COLLECTED DATA:
----------

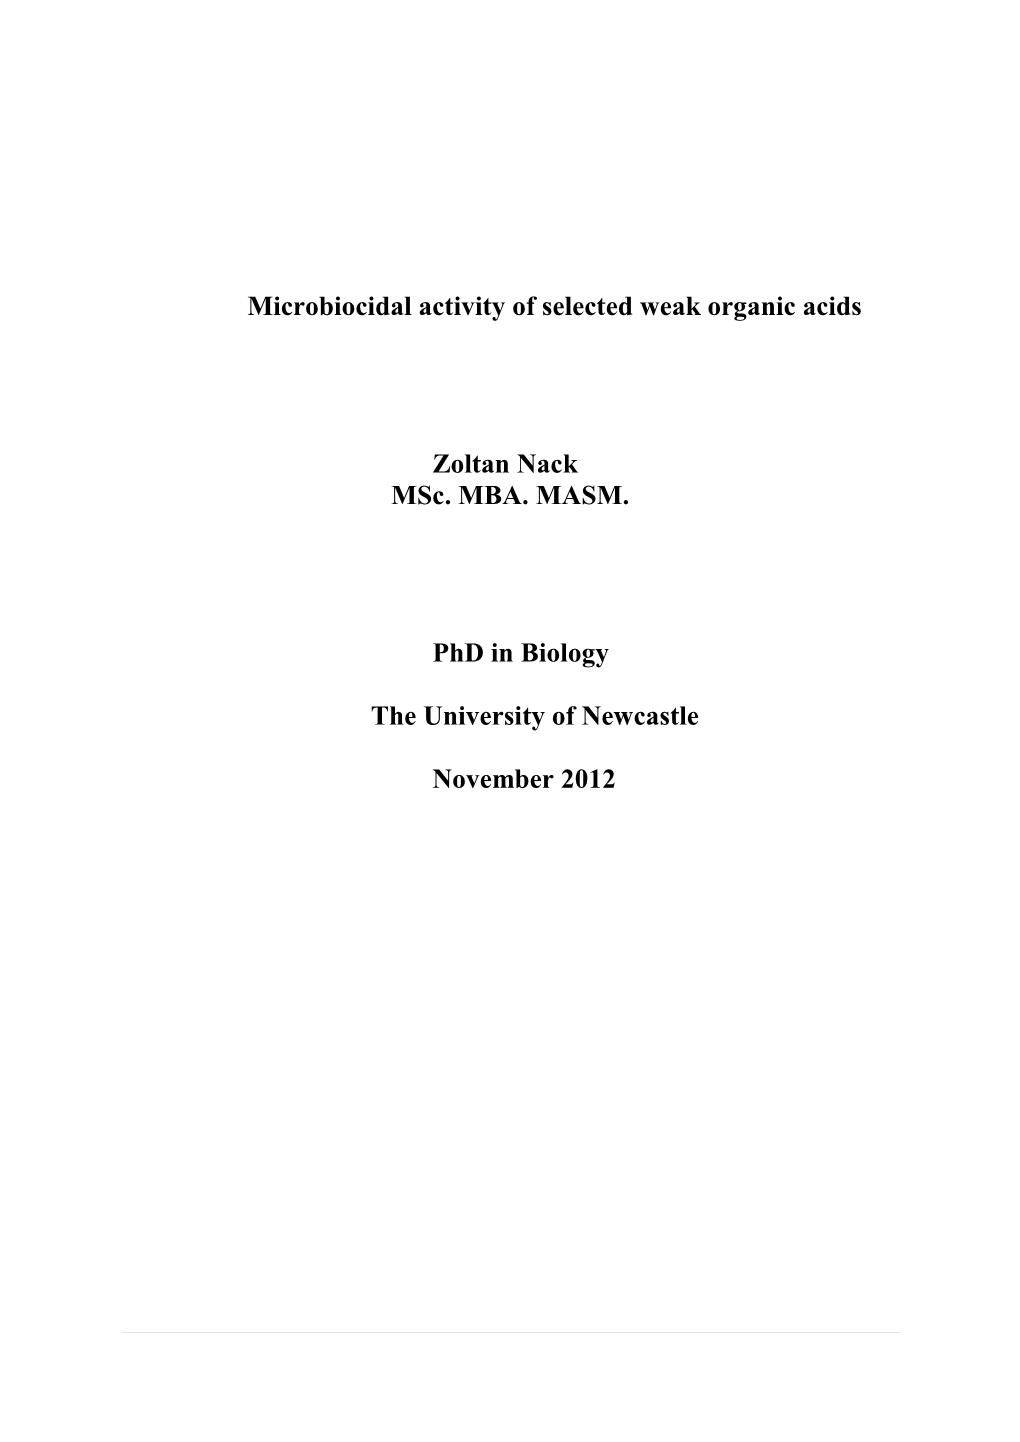 Microbiocidal Activity of Selected Weak Organic Acids Zoltan Nack Msc. MBA. MASM. Phd in Biology the University of Newcastle
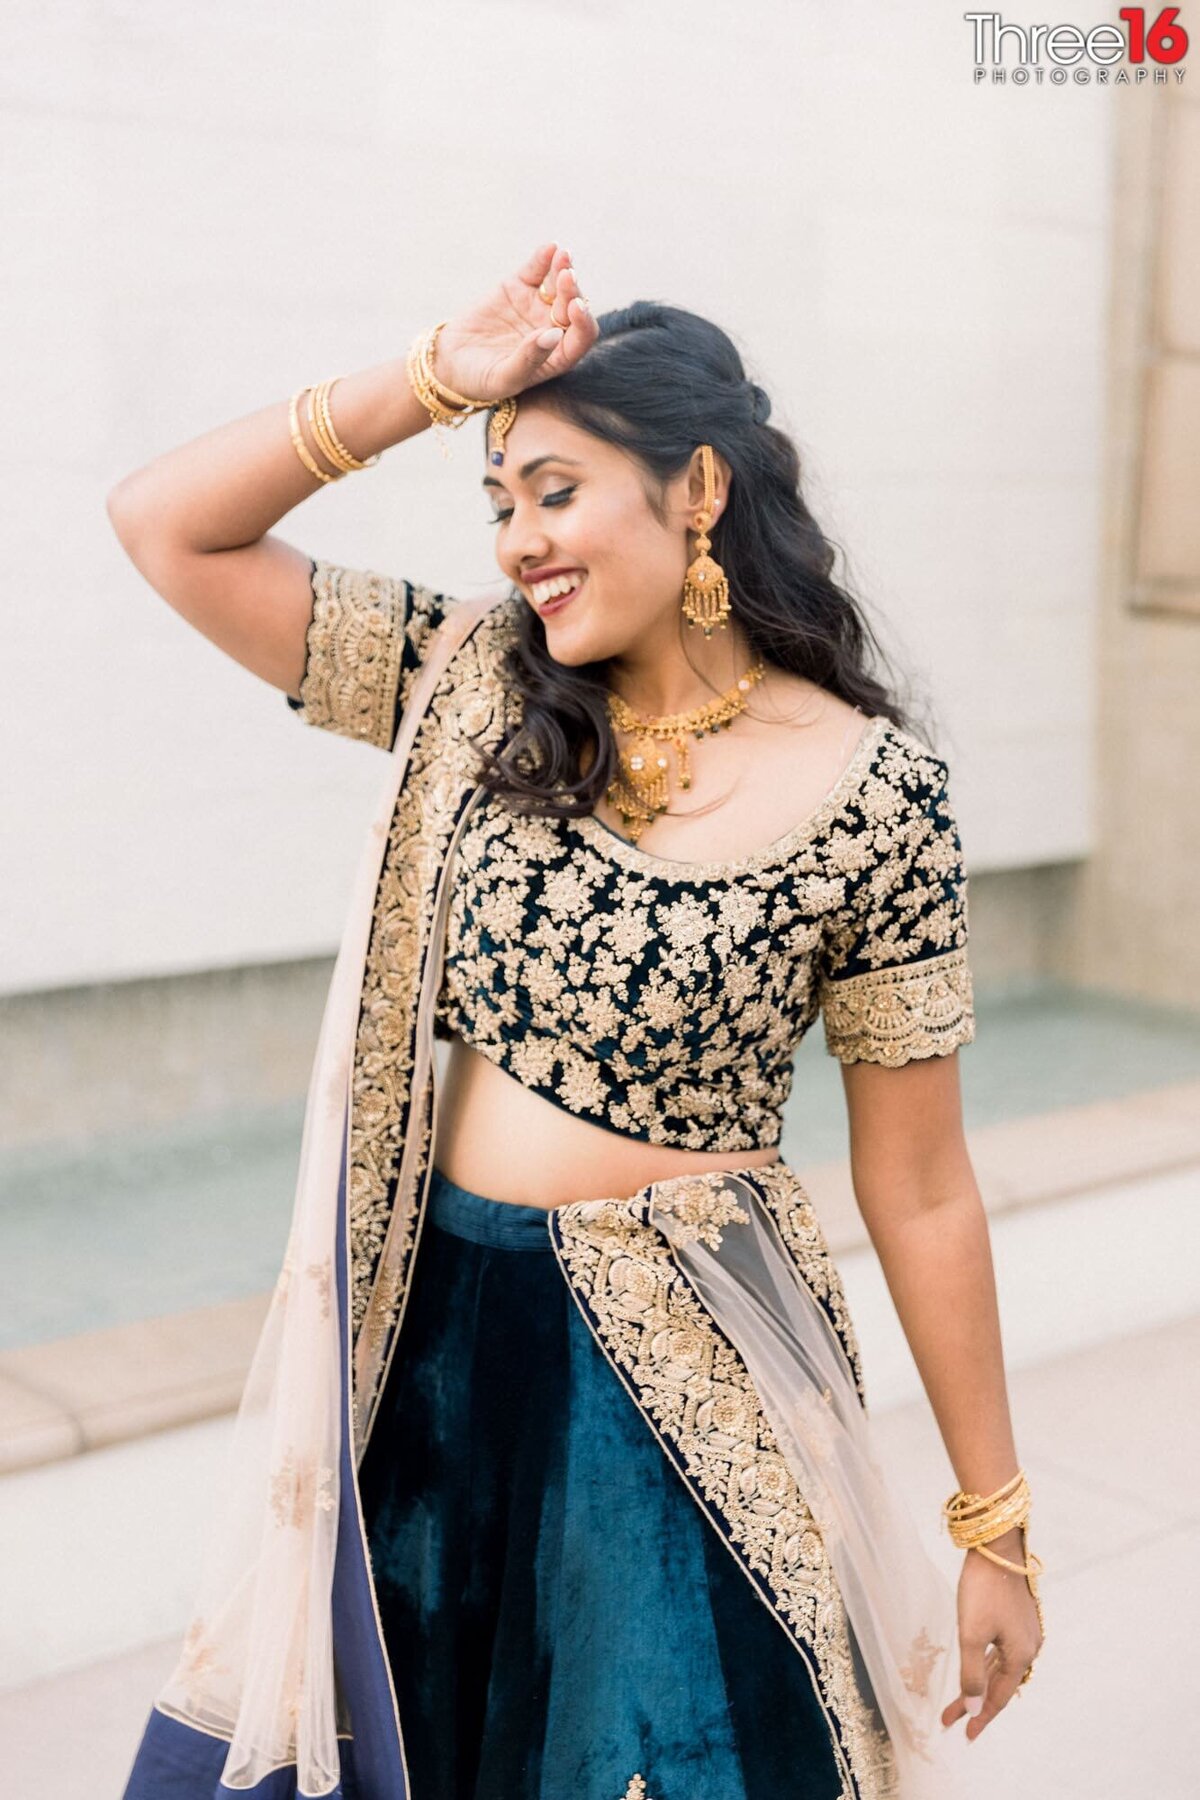 Indian Bride has fun during her photo shoot after the ceremony
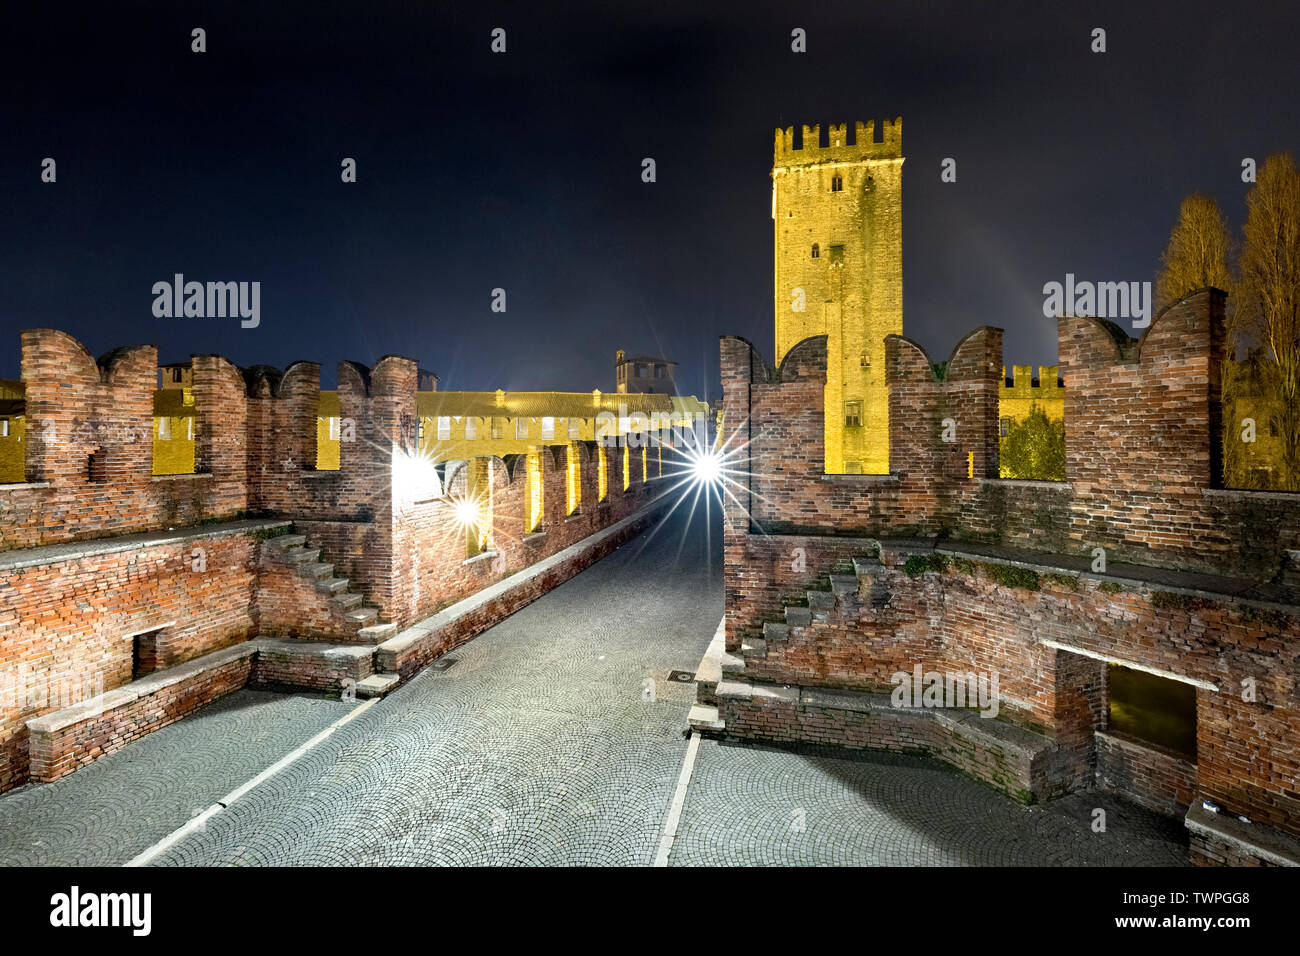 The Scaligero bridge in Verona. Built in the Middle Ages, it was destroyed in the Second World War and rebuilt in the post-war period. Verona, Italy. Stock Photo
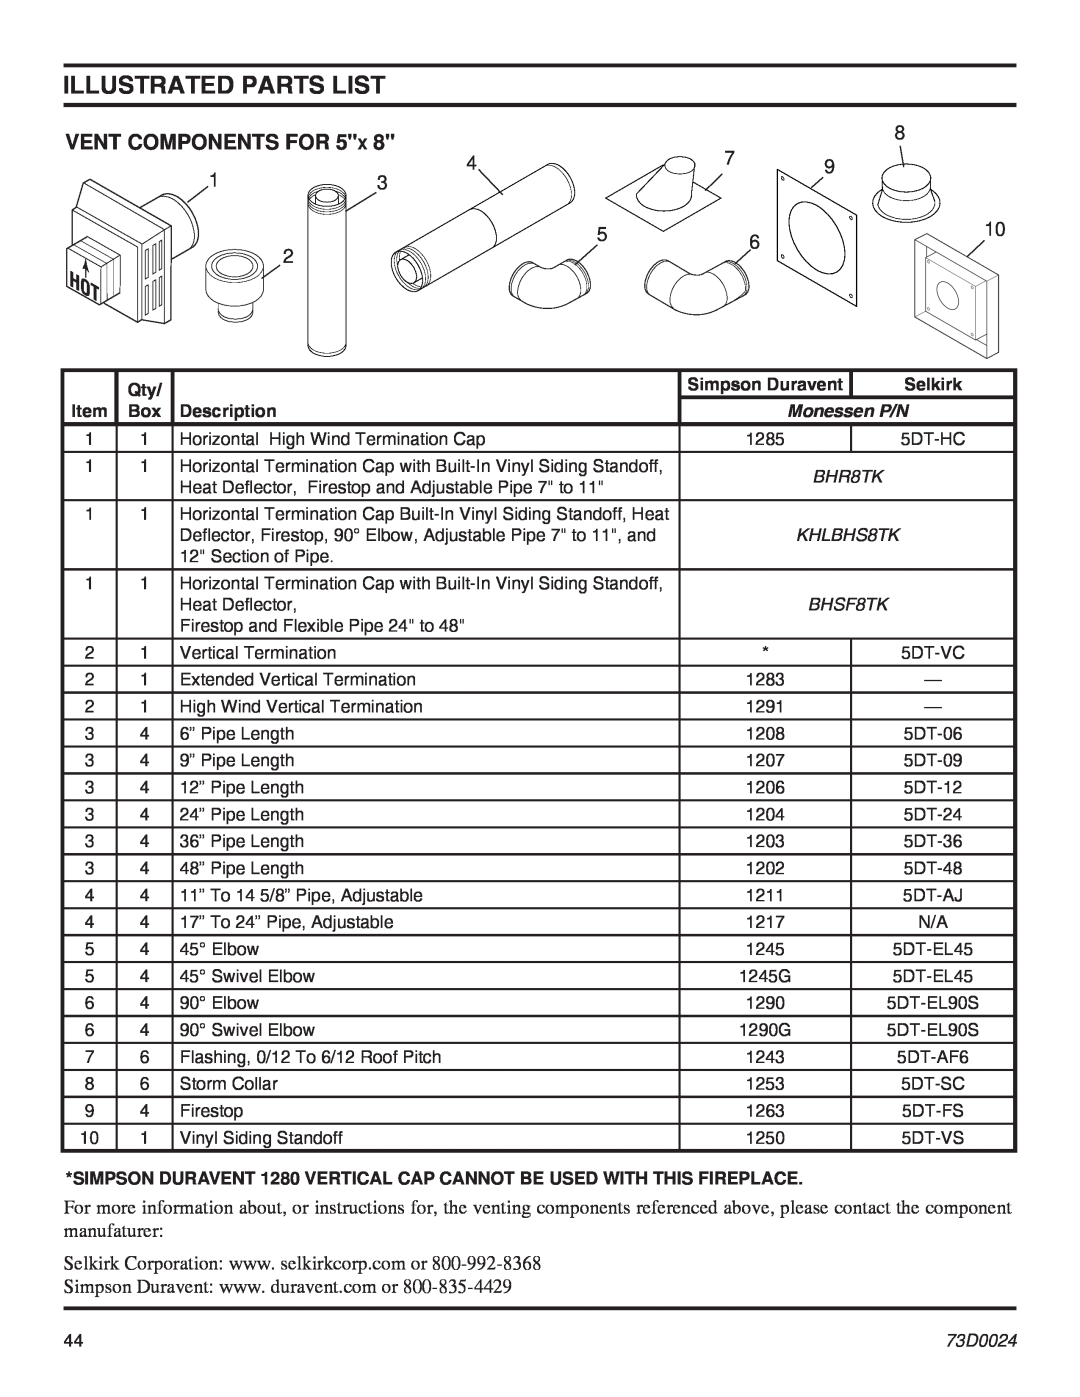 Monessen Hearth KHLDV SERIES manual Illustrated Parts List, Vent Components For

----------

HOW TO COMPLETE THIS TASK: Copy every line above exactly; images stay out.

SOLUTION FOR THIS TASK:
 Microbiocidal Activity of Selected Weak Organic Acids Zoltan Nack Msc. MBA. MASM. Phd in Biology the University of Newcastle
 Indian Bride has fun during her photo shoot after the ceremony
 The Scaligero bridge in Verona. Built in the Middle Ages, it was destroyed in the Second World War and rebuilt in the post-war period. Verona, Italy. Stock Photo
 Monessen Hearth KHLDV SERIES manual Illustrated Parts List, Vent Components For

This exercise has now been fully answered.